Collocations

Finding collocations requires first calculating the frequencies of words and their appearance in the context of other words. Often the collection of words will then requiring filtering to only retain useful content terms. Each ngram of words may then be scored according to some association measure, in order to determine the relative likelihood of each ngram being a collocation.

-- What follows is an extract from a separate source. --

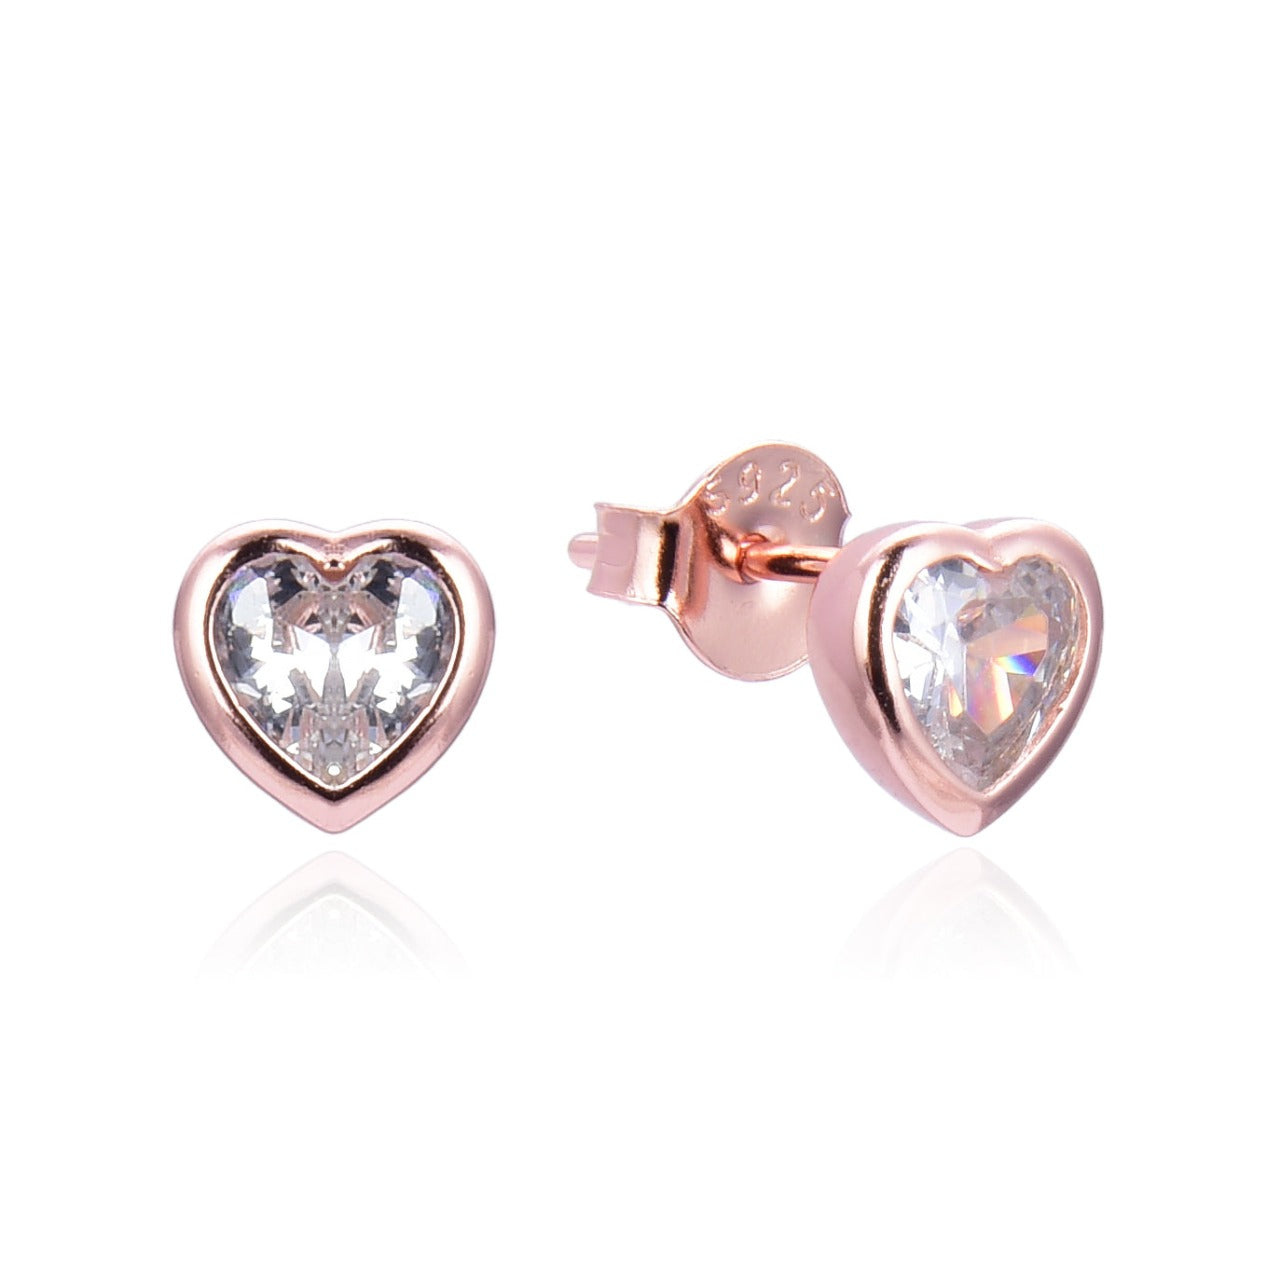 Rose Gold Love Heart Stud Earrings Kilkenny Silver     Rose gold plated sterling silver love heart stud earrings with cubic zirconia stones.

The BigramCollocationFinder and TrigramCollocationFinder classes provide these functionalities, dependent on being provided a function which scores a ngram given appropriate frequency counts. A number of standard association measures are provided in BigramAssocMeasures and TrigramAssocMeasures.

Collocation finders

BigramCollocationFinder

A tool for the finding and ranking of bigram collocations or other association measures.

TrigramCollocationFinder

A tool for the finding and ranking of trigram collocations or other association measures.

QuadgramCollocationFinder

A tool for the finding and ranking of quadgram collocations or other association measures.

N-gram metrics

BigramAssocMeasures

A collection of bigram association measures. Each association measure is provided as a function with three arguments::.

TrigramAssocMeasures

A collection of trigram association measures. Each association measure is provided as a function with four arguments::.

QuadgramAssocMeasures

A collection of quadgram association measures. Each association measure is provided as a function with five arguments::.

ContingencyMeasures

Wraps NgramAssocMeasures classes such that the arguments of association measures are contingency table values rather than marginals.